Washington state implemented this Top 2 primary, starting in the 2008 election which applies to federal, state, and local elections, but not to presidential elections. There is no voter party registration in Washington, and candidates are not restricted to stating an affiliation with an established major or minor party. The candidate has up to 16 characters to describe on the ballot the party that they prefer. Some candidates state a preference for an established major party, such as the Democratic Party or the Republican Party, while others use the ballot to send a message, such as Prefers No New Taxes Party or Prefers Salmon Yoga Party. Since this is a "preference" and not a declaration of party membership, candidates can assert party affiliation without the party's approval or use alternate terms for a given party. Gubernatorial candidate Dino Rossi's 2008 stated preference was for the "GOP Party", although he is a prominent Republican.

In California, under Proposition 14, traditional party primaries were replaced in 2011 with a jungle primary election. Proposition 14, known as the open primary measure, gave every voter the same ballot in primary elections for most state and federal races. The top two candidates advance to the November general election. That does not affect the presidential primary, local offices, or non-partisan offices such as judges and the Superintendent of Public Instruction.
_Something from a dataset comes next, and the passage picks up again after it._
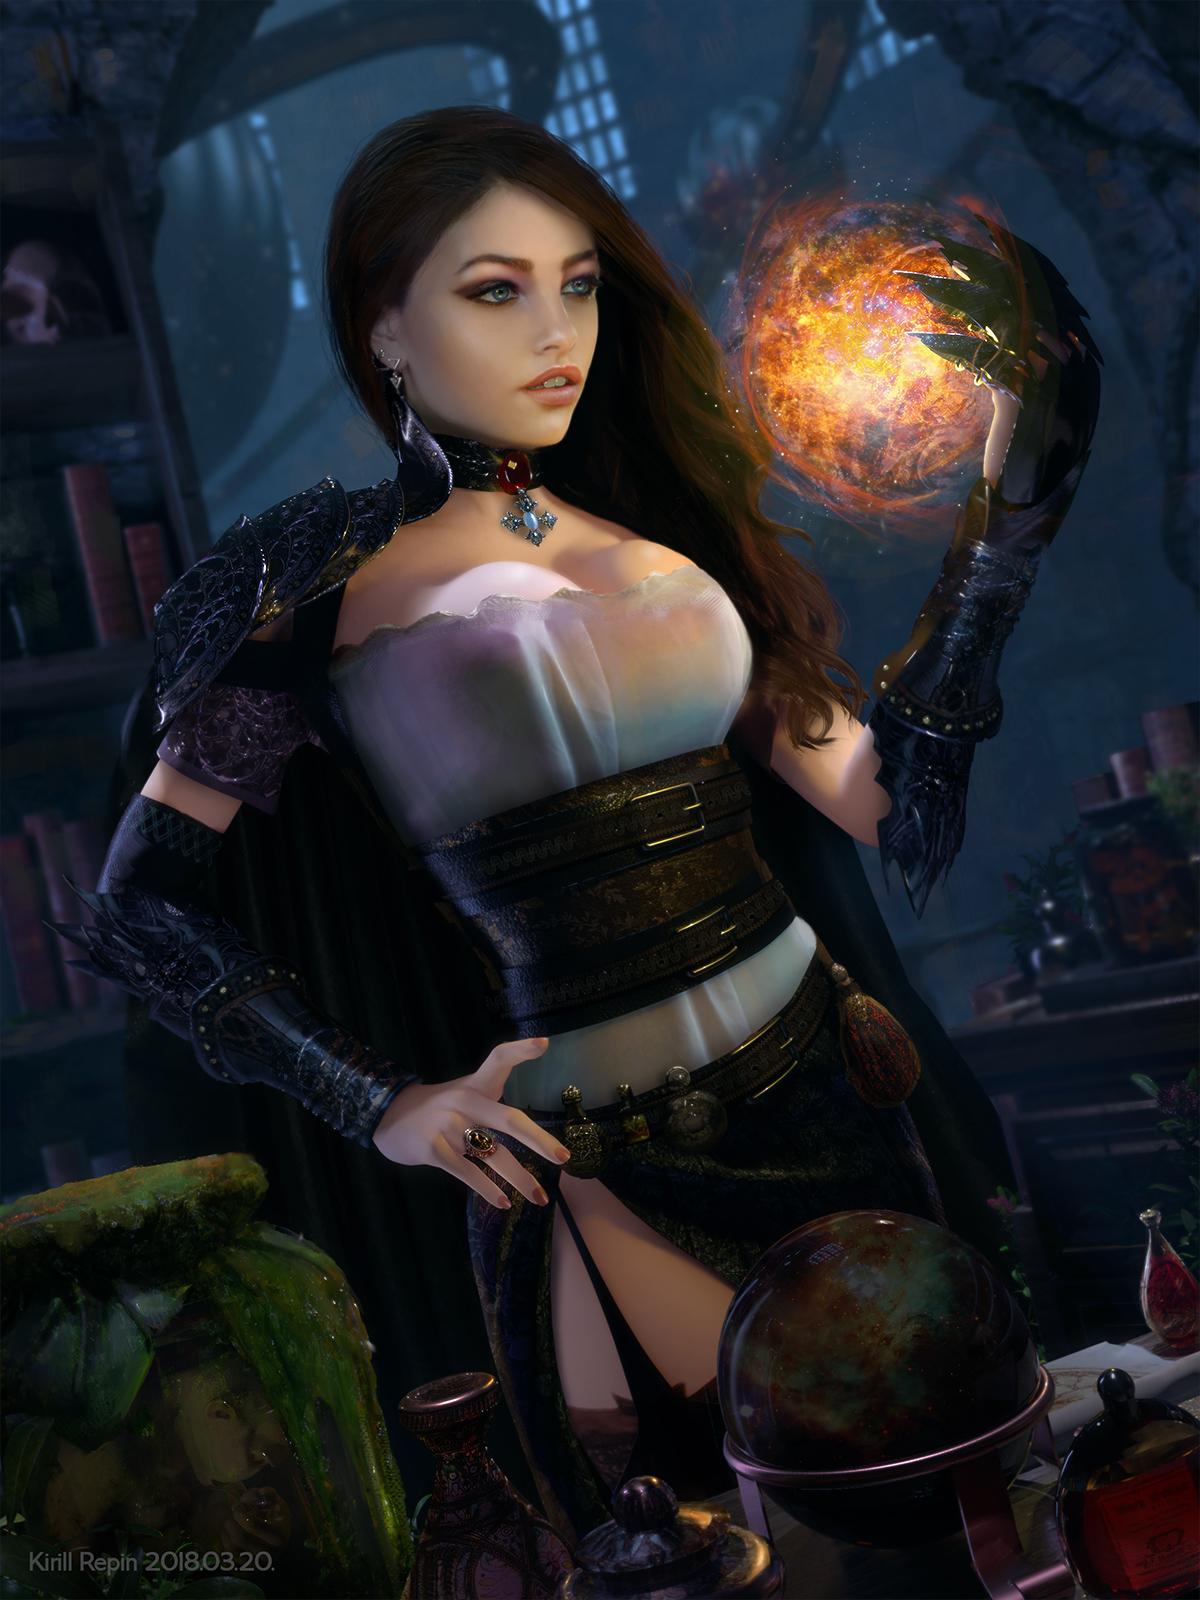 Kirill repin the sorceress 1 ea92c649 3suw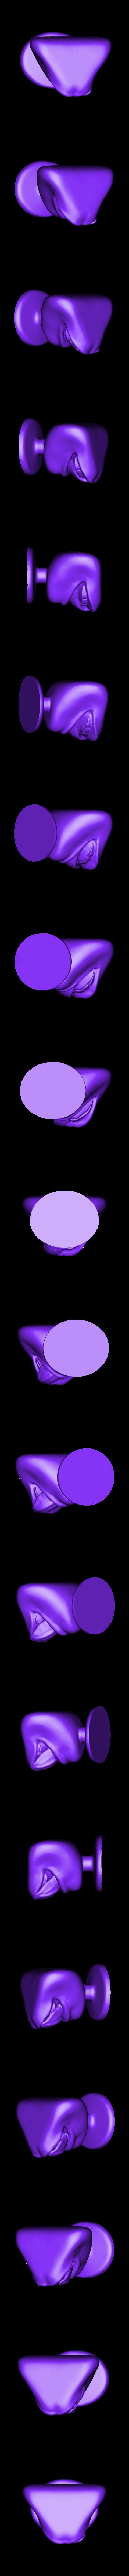 licking-lips.stl Télécharger fichier STL gratuit Lèches Lèvres Humaines • Plan à imprimer en 3D, quangdo1700

In the 2020 Alaska elections, voters approved Measure 2, which replaced party primaries with a single non-partisan jungle primary. The top 4 candidates will advance to a general election that uses ranked-choice voting. It is used for all state and federal elections except for the president.

Louisiana primary is the common term for top-two runoff voting system where all candidates for the same office appear together on the ballot in the general election, and if none win a simple majority, a runoff or second round election for the two top candidates is held a short time later to determine the winner. The system is used in the Louisiana general election for local, state, and congressional offices. Though strictly speaking it occurs during the general election and so it is not a primary election, the general election serves as a primary if no candidate in the race wins a majority. On election day, all candidates for the same office appear together on the ballot, often including several candidates from each major party. If no candidate wins a simple majority in the first round, there is a runoff one month later between the top two candidates to determine the winner.